Gradually, life became more complicated. The experts aren’t sure if the invention of the clock made life more complicated, or if a more complicated life instigated the invention of the clock.  I suspect the clocks were to blame.

But either way, anxiety about showing up late for an appointment infiltrated what was once a simple life… little by little, when we weren’t paying attention.

Pretty soon, there were clocks even at the beach.

This is a sad statement about modern life, when you need a clock at the beach.

And that you need a ladder whenever Daylight Savings Time rolls around.

But human progress continues, unabated.

One part of that progress is globalization.  Americans are now doing business with people in China and India.  Sometimes you don’t even know you are talking to someone in India.

No, I take that back; I can tell when I’m talking to someone in India.  But I don’t often think about the fact that it’s 2 o’clock in the afternoon for me, and 2 o’clock in the morning for the person in India.

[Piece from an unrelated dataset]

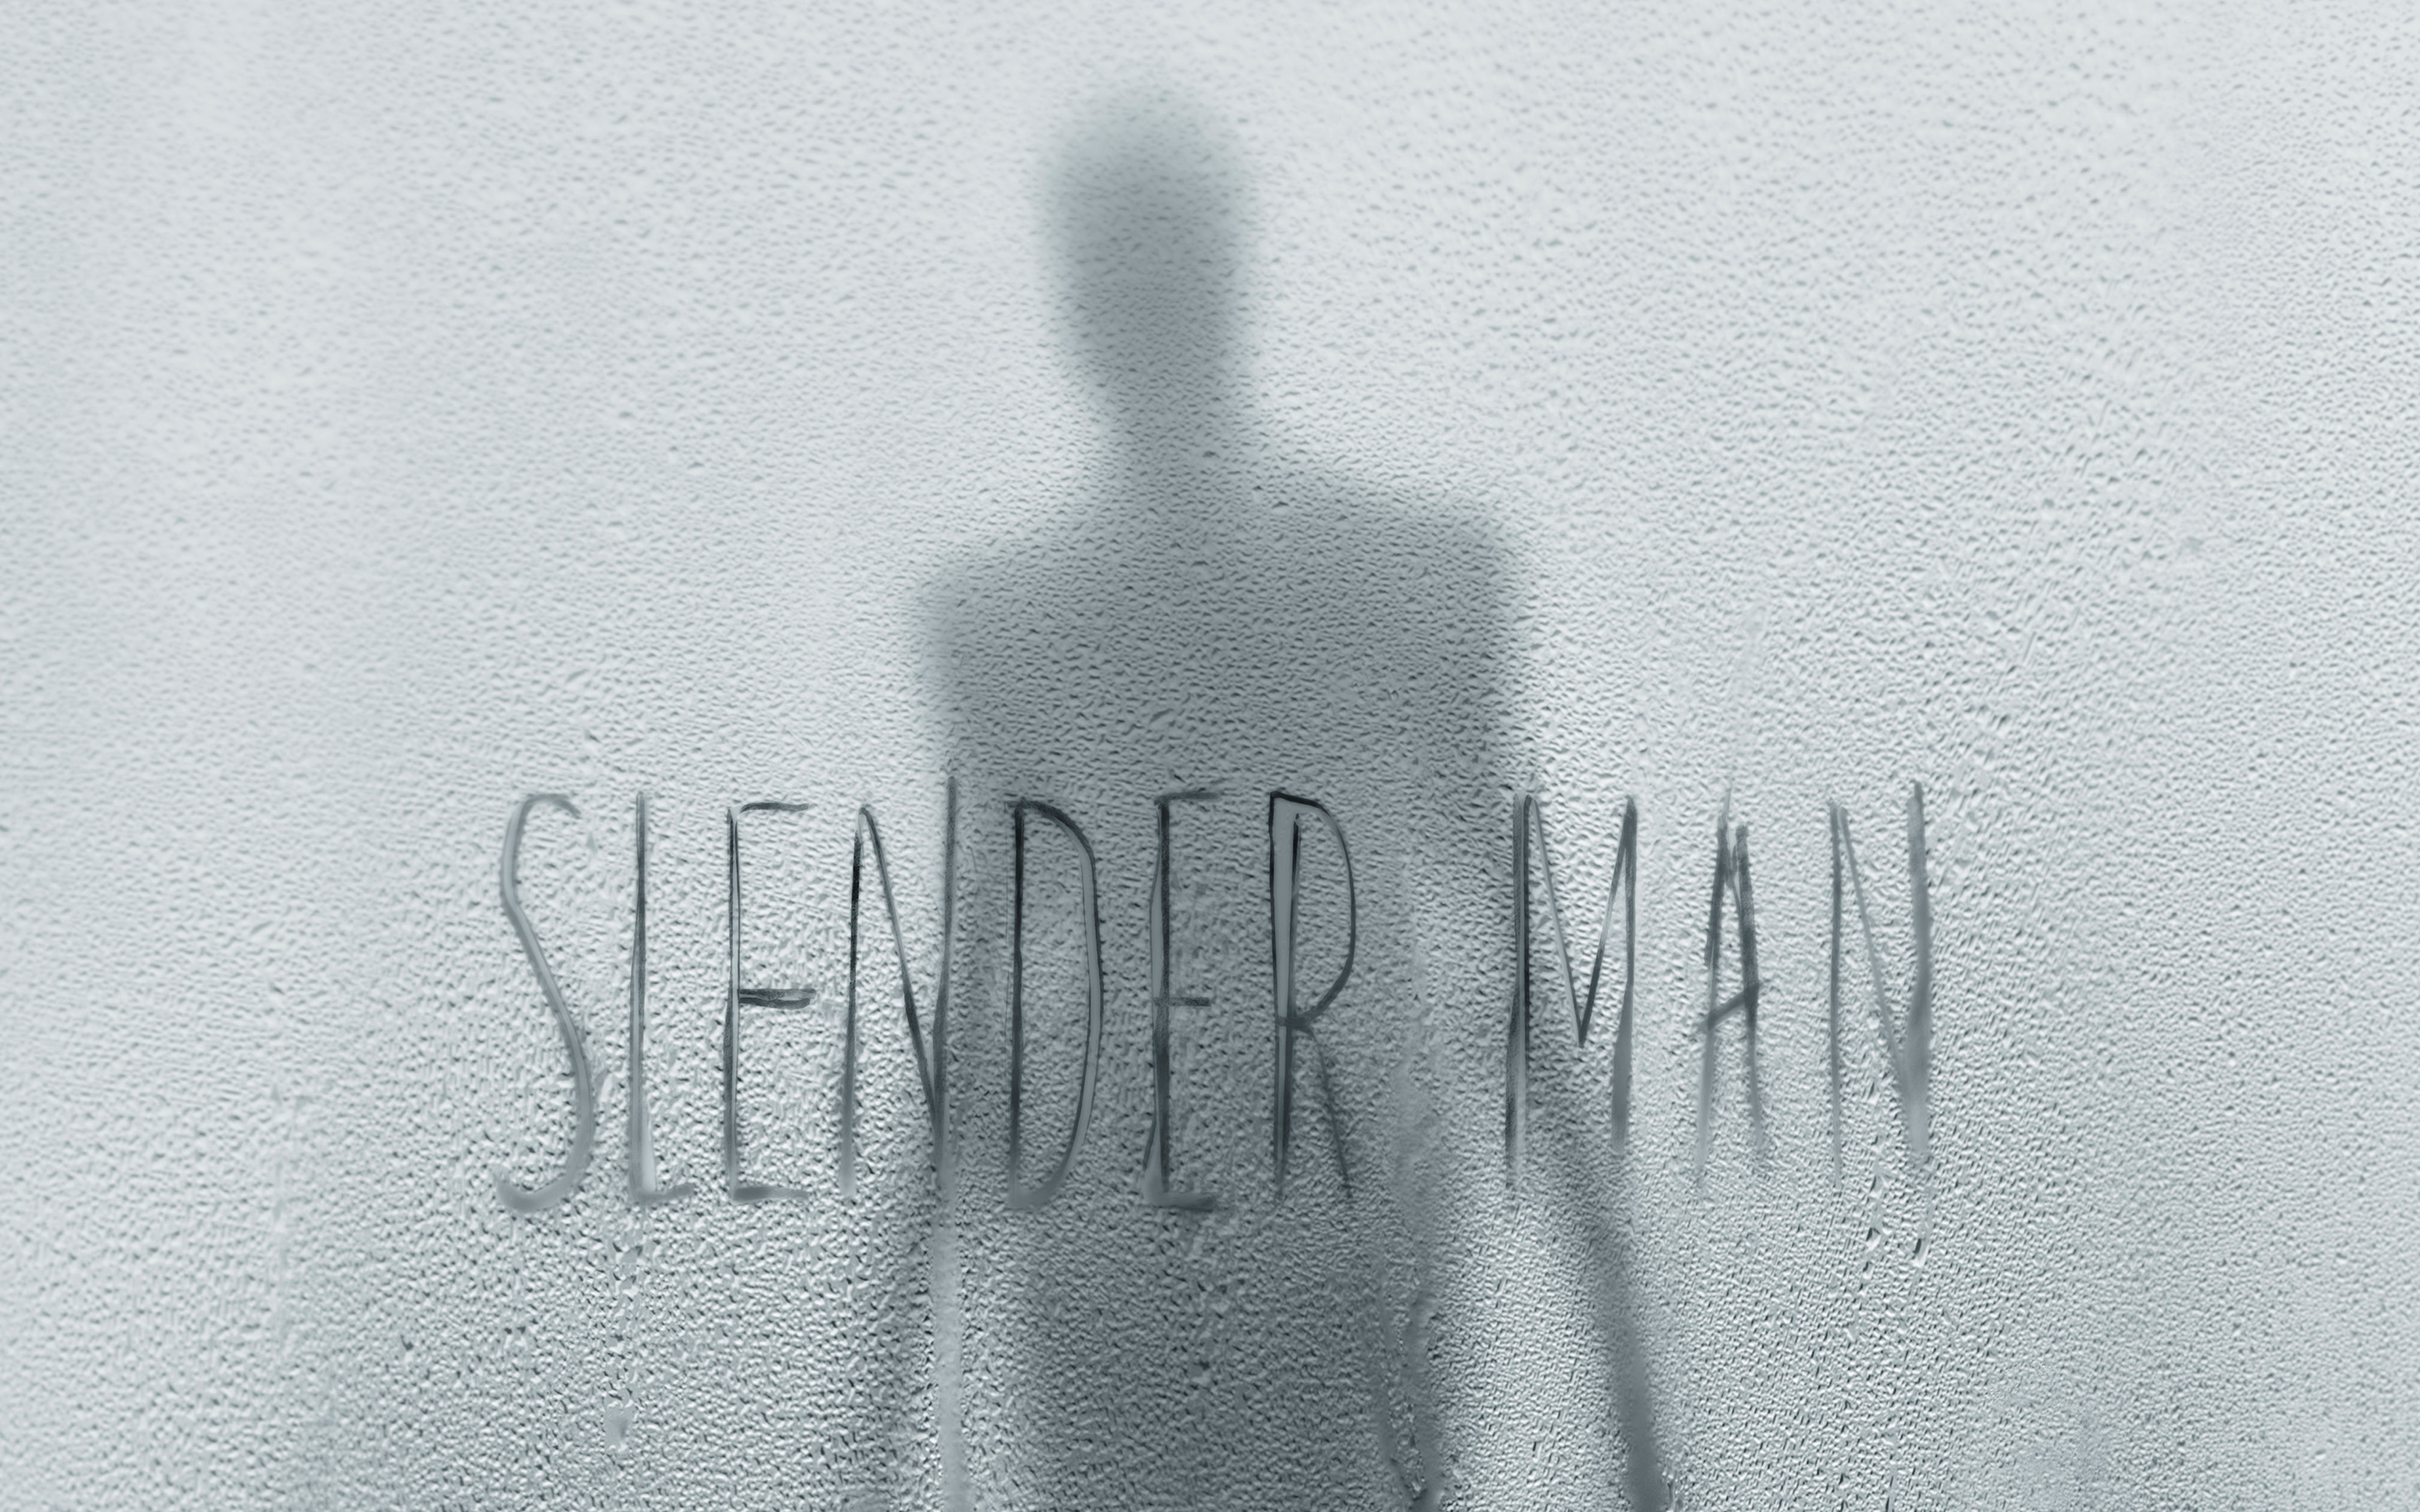 Slender Man 2018
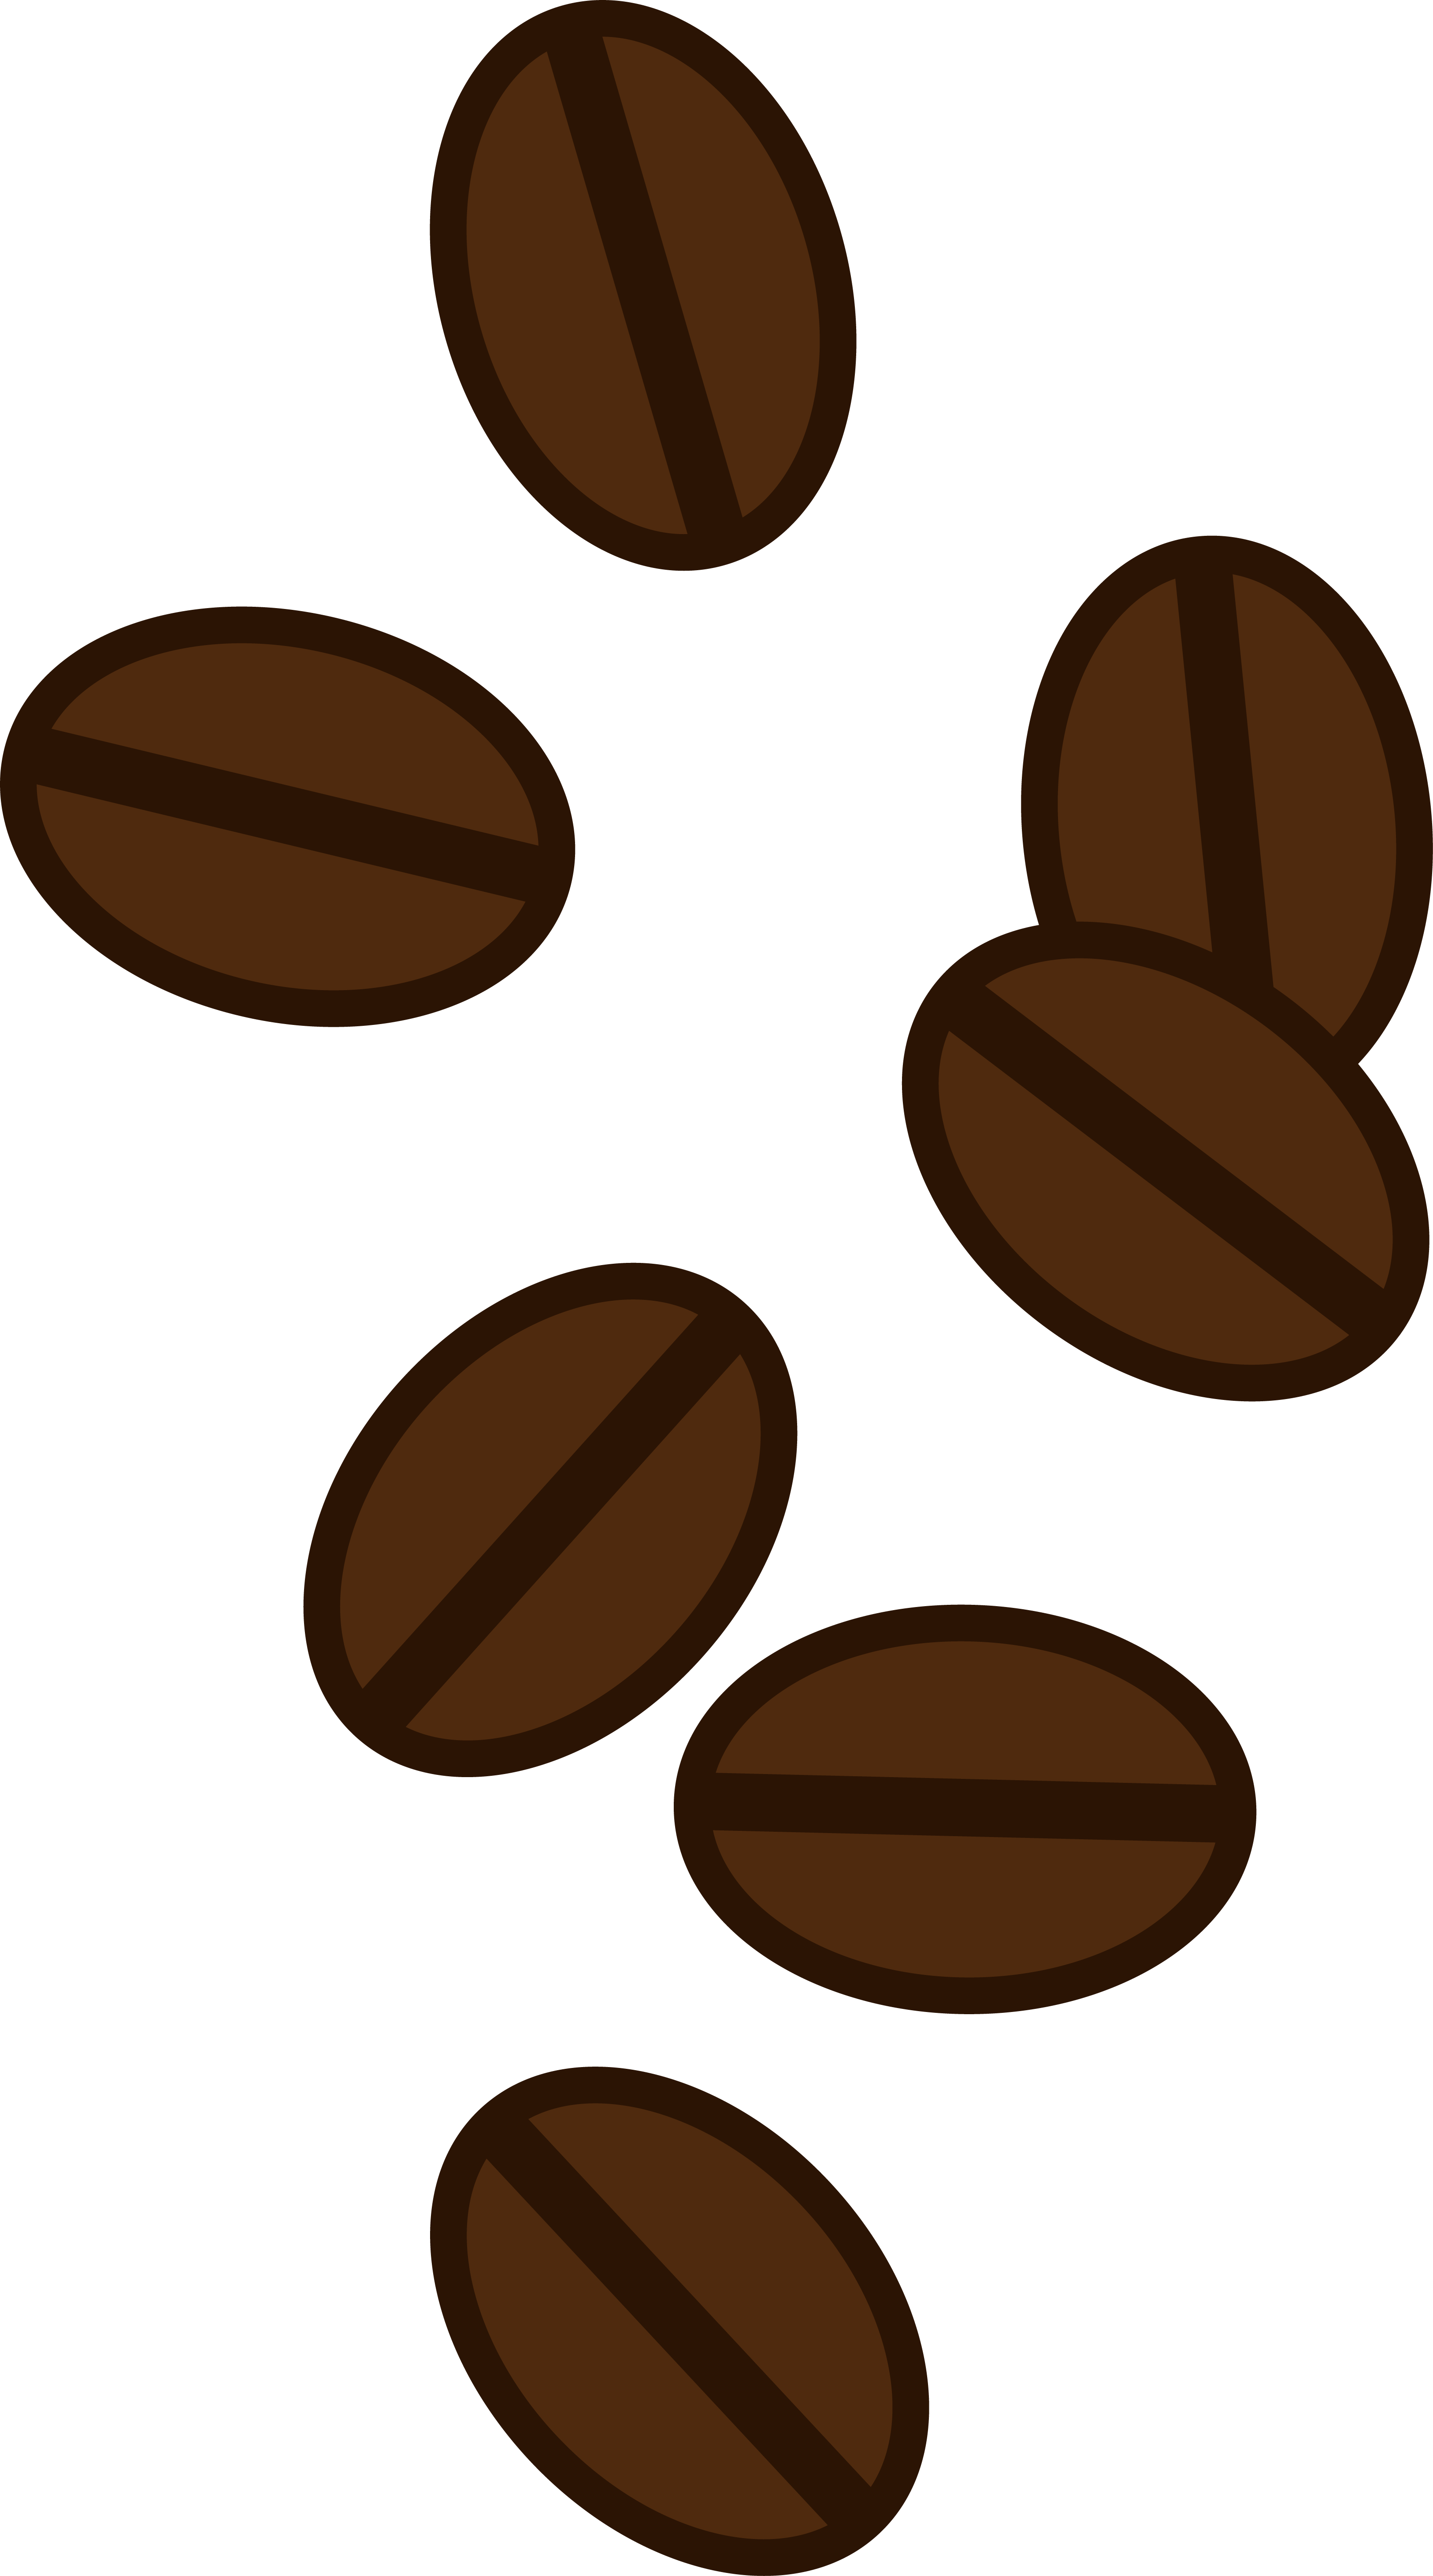 Coffee Beans Clipart.

But things have become even weirder than that, lately.  Half the time, when I hear someone having a conversation on their phone, they are talking to their ‘virtual assistant’ — Siri, or Alexa, or some other AI-driven voice-activated computer software.  As far as I can tell, these virtual assistants don’t care at all what time it is.  They’re happy to answer your questions, or give you thoughtful advice, day or night.  And they don’t care what kind of mood you’re in.  Cranky in the morning?  Siri is never offended if I happen to verbally abuse her, as sometimes happens if I haven’t yet had my coffee.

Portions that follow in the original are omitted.